Following the series on the noteworthy terms of the office leasing contract, in this article we will discuss more about the payment term, one of the terms has a significant impact on the lessee’s right. Especially in the current context when the fluctuations of the real estate market as well as the operating capacity of the investor, this is raising concerns for the lessee about the stable use of the office during the lease process and the basis for the lessee to negotiate the contract extension when needed.
With the analysis below, an overview of payment issues will be provided to businesses and investors to anticipate the contents to discuss and agree with the lessor when establishing the contract.
Normally, the payment terms will stipulate the payment currency, term, suspension of payment, sanctions for late payment, and other relevant costs. Rents and related issues (such as the payment currency, whether the taxes and management fees are included in rent or not, payment schedules, etc.) are usually stated clearly which will not lead to potential risks for the lessee.
The lessee’s concerns matter is the rent fluctuation when the lease term stated in the contract ends. Currently, to be proactive for rent adjustment, the lease term usually is stipulated in the short term. When it expires, the parties will negotiate the extension of the contract. However, the method to adjust the rent for the next renewal period usually unclear. Therefore, the worst scenario is when the new rent is not agreed upon by both parties, and its unavoidable outcome is when the lessee has to choose another rental location, which is something that the lessee does not want due to the expense related to relocating the office and rearranging in a new location and its effect on their operation.

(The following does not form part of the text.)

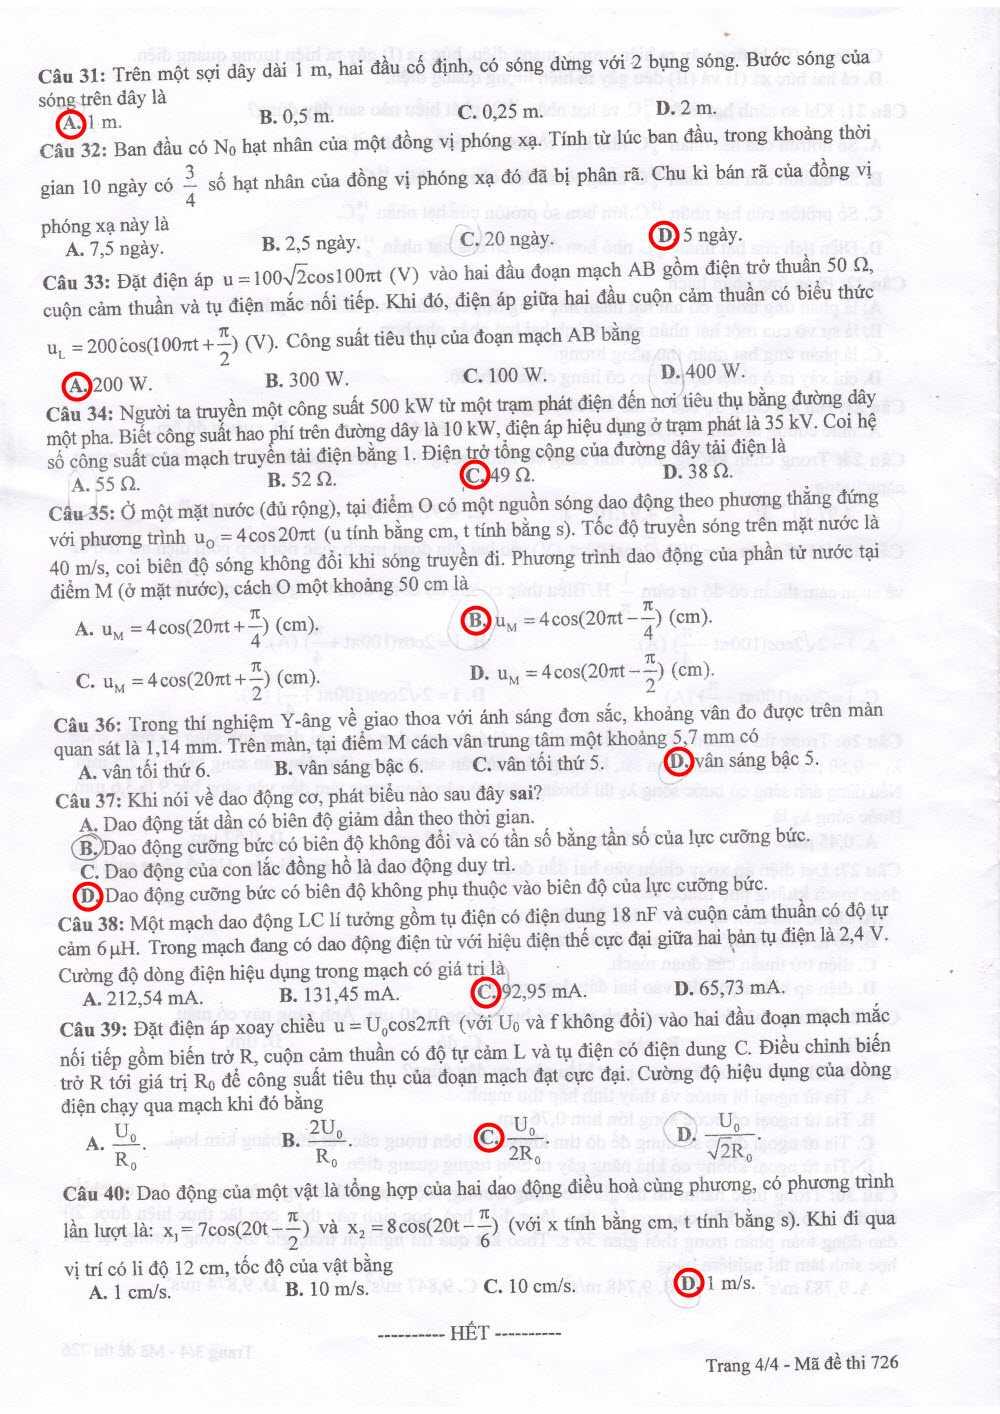 đáp án thi vật lý

Therefore, for leases with unclear the lease renewal clause, the lessee should consider discussing with the lessor to control a floating margin of the rent. This is understood that there will be an increase in the rent to suit the market, but this increase is only at the level of the allowable margin recorded in the contract. The parties can also choose to agree on a certain rate of increase, and the rent including/excluding the taxes and management costs is the basis for calculating the increase. The above contents should be specifically documented in the contract so that the lessee can take the initiative in case the lease expires and the lessee wishes to continue the lease.
Most office leasing contracts will allow the lessor to take one of some actions when the lessee breaches its payment obligations, e.t. a delay in the payment of rent (including rent, management fees, and all other costs that the lessee must pay incurred during that lease term). In considering this provision, the lessee should pay attention to the lessor’s permitted actions, accordingly:
– The right of the lessor to stop providing accompanying services when the lessee is late in payment;
– How is late payment interest recognized;
– The right of the lessor to deduct the deposit to pay, and to impose additional contractual sanctions.
In addition, the cases where the suspension of payment is not a breach of contract should be considered. Usually, the said suspension will arise when the lessor or a third party takes any action that disrupts or hinders the continuous use of the leased area by the lessee. However, since not all cases are recognized the contract, when either the violation of the lessor or the actions of third parties or force majeure events arise and disrupts the use of the leased area of the lessee, their payment obligations must be fulfilled performed
The common reason for the interruptions in the use of the leased areas is that the roads in the leased area are constructed and renovated at the request of the competent authority. As a result, the construction process will affect the lessee’s operation, especially for the lessee who is renting the ground floor of the building. Depending on the form and business activities, the level of influence will also vary. The business activities that are considered the most vulnerable are those related to restaurants, food service, industries related to shopping and entertainment activities, etc.
Stability in renting office space is what a company is always looking for, including stable or fluctuating rent but within the expected control of the company. Therefore, during negotiation, the lessee needs to take the time to review or consult with experts to understand fully the terms of the contract. This will help the lessee anticipate the potential risk to agree in detail with the lessor on the methods of handling that the two parties think are most appropriate at the time of establishing the lease.
The article is based on applicable law at the time noted as above and may no longer be appropriate at the time the reader approaches this article as the applicable law has changed and the specific case that the reader wishes to apply. Therefore, the article is only for reference.